Work request: Please retype the data below line for line and leave out every picture.

Dataset excerpt:
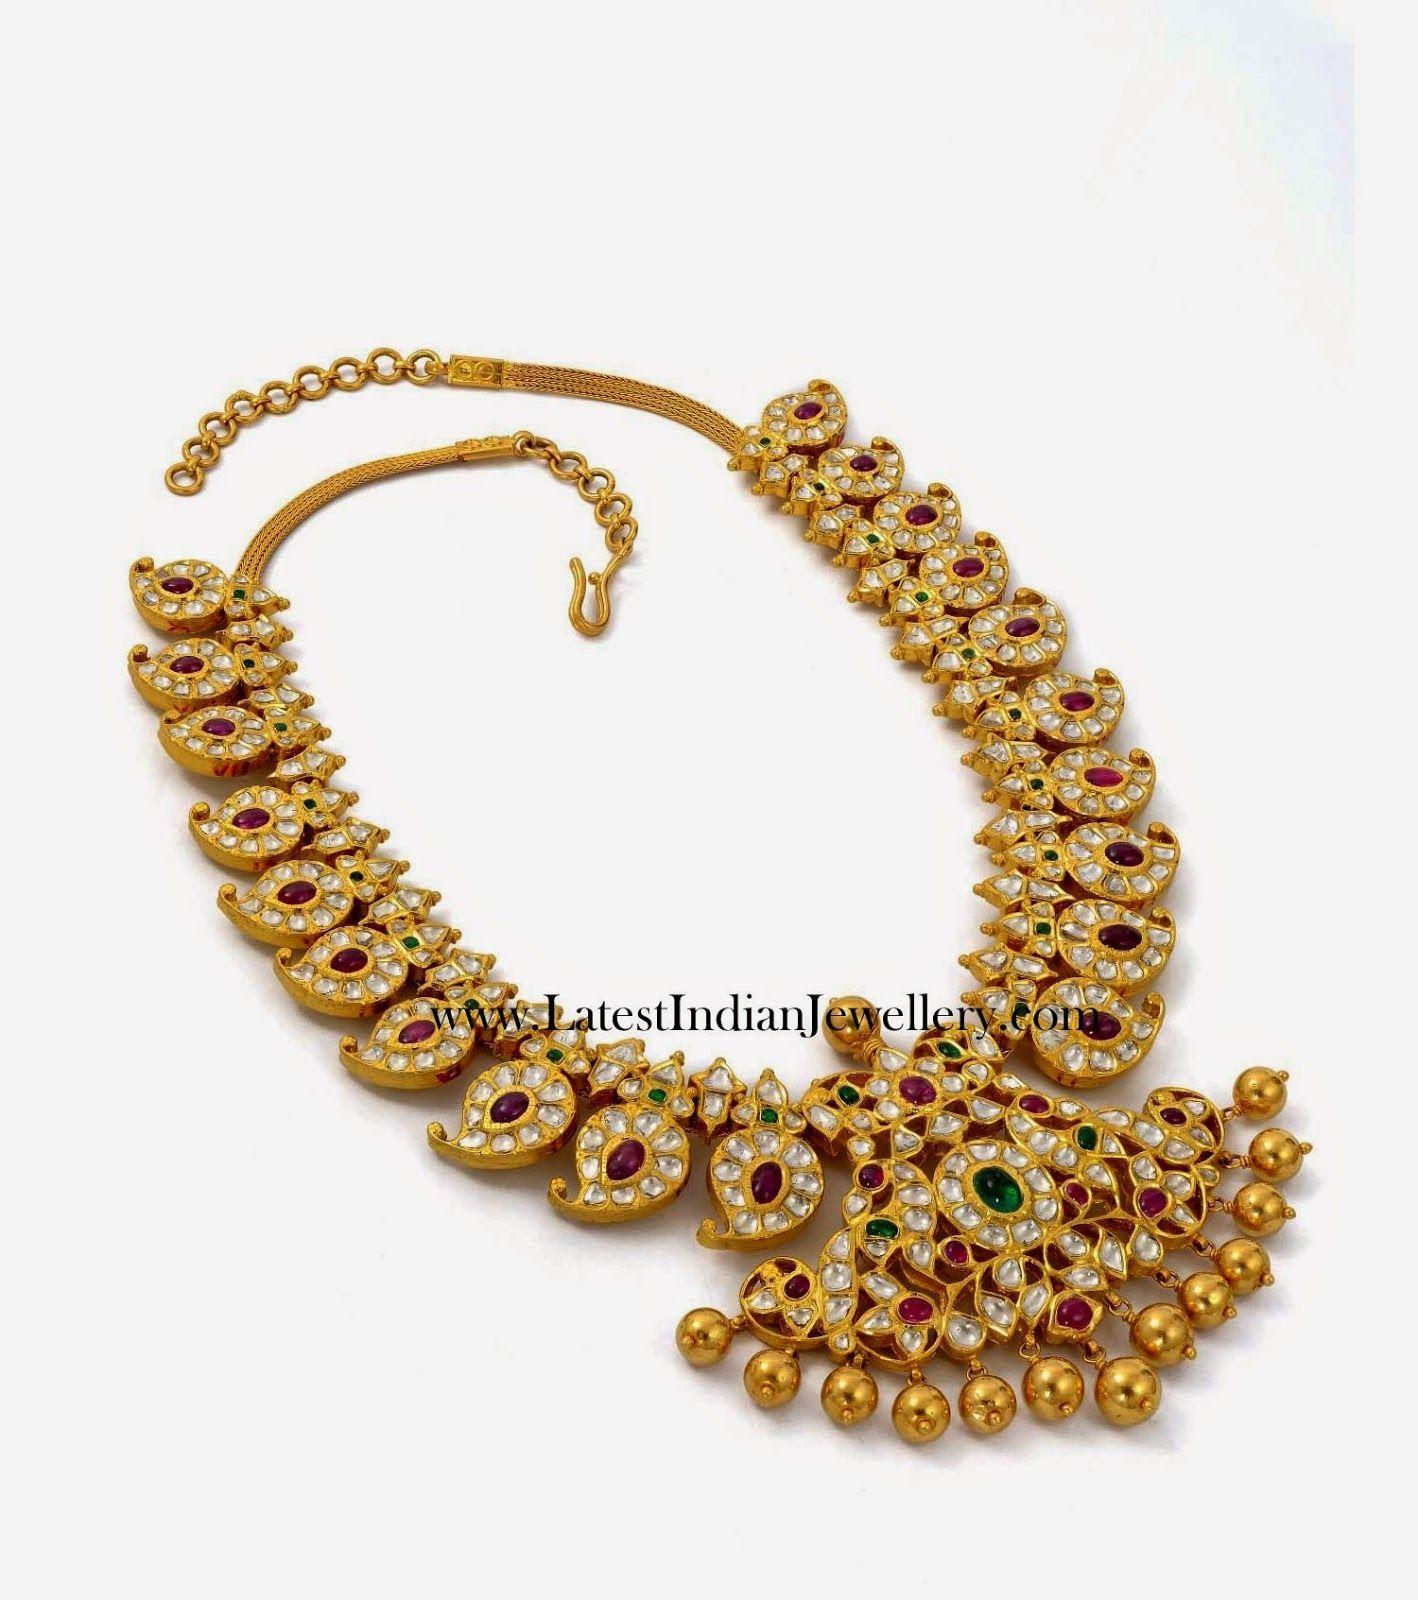 Diamond South Indian Jewellery: Pachi Work Mango Mala Necklace
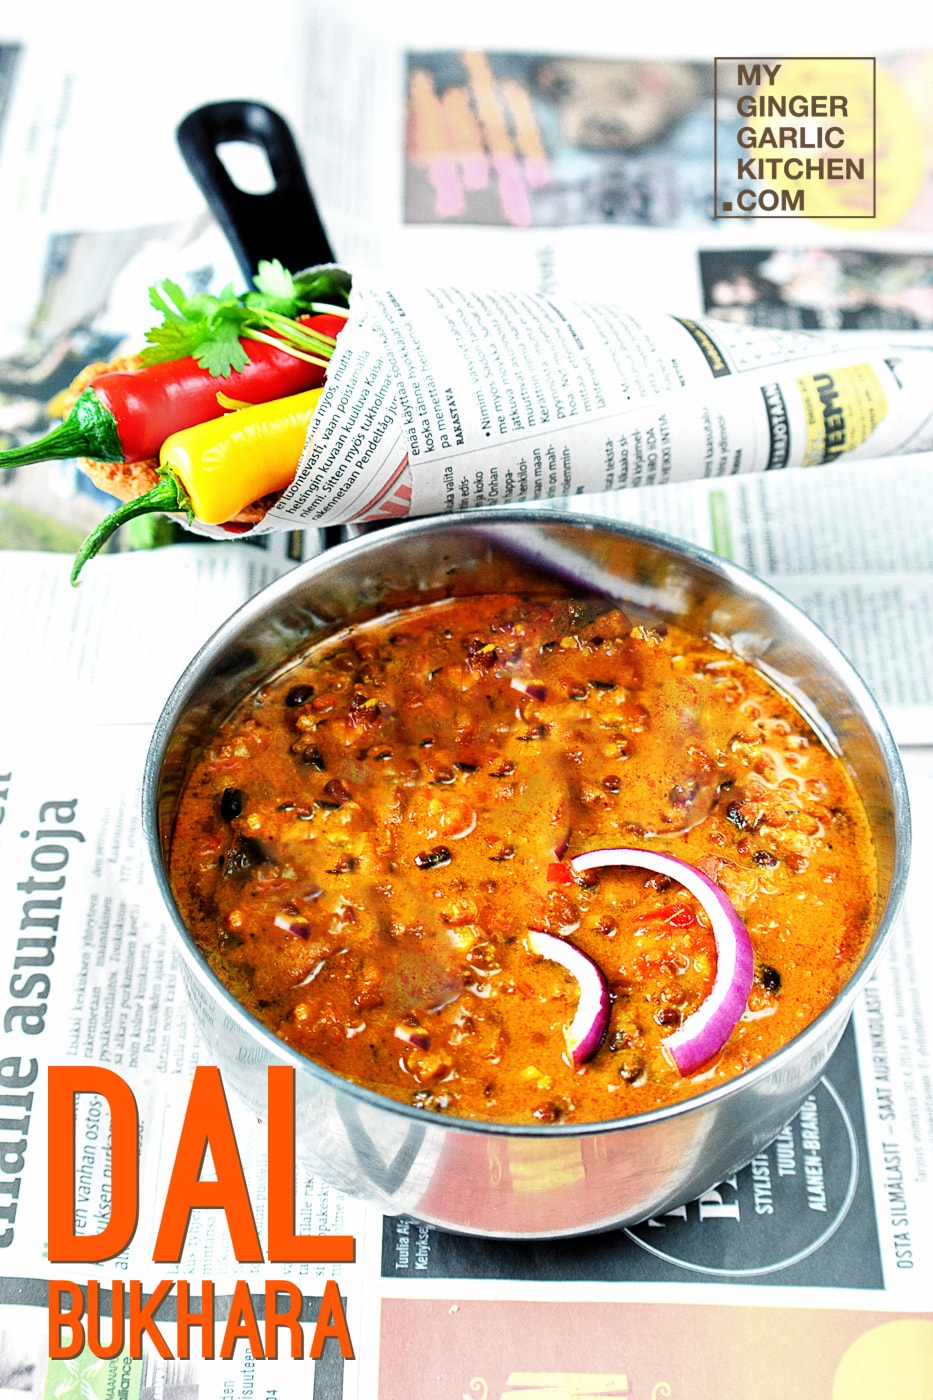 Recipe dal bukhara an exotic creamy black lentil dish my ginger recipe dal bukhara an exotic creamy black lentil dish forumfinder Choice Image
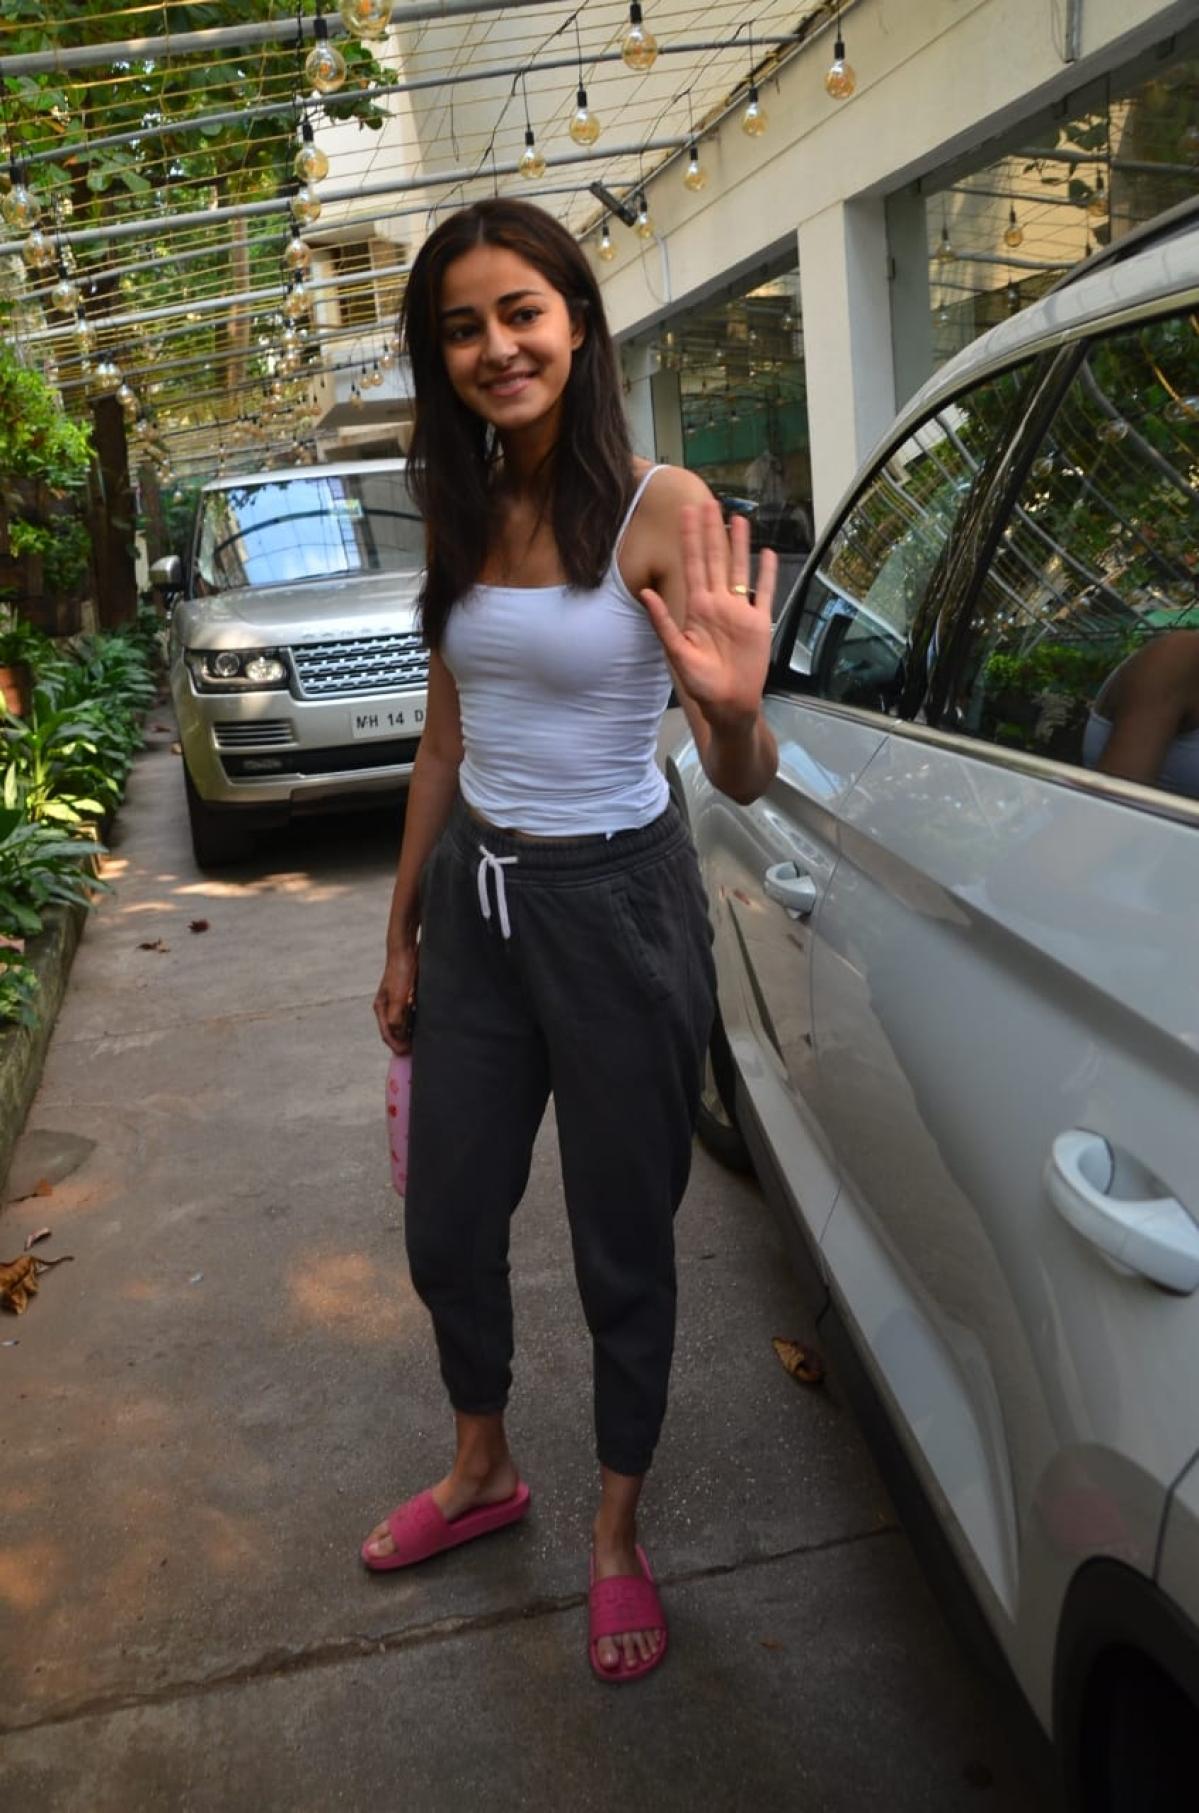 Janhvi Kapoor, Malaika Arora, Genelia Deshmukh have no excuse to bunk the gym today

Exercise output:
 Diamond South Indian Jewellery: Pachi Work Mango Mala Necklace
 Recipe dal bukhara an exotic creamy black lentil dish my ginger recipe dal bukhara an exotic creamy black lentil dish forumfinder Choice Image
 Janhvi Kapoor, Malaika Arora, Genelia Deshmukh have no excuse to bunk the gym today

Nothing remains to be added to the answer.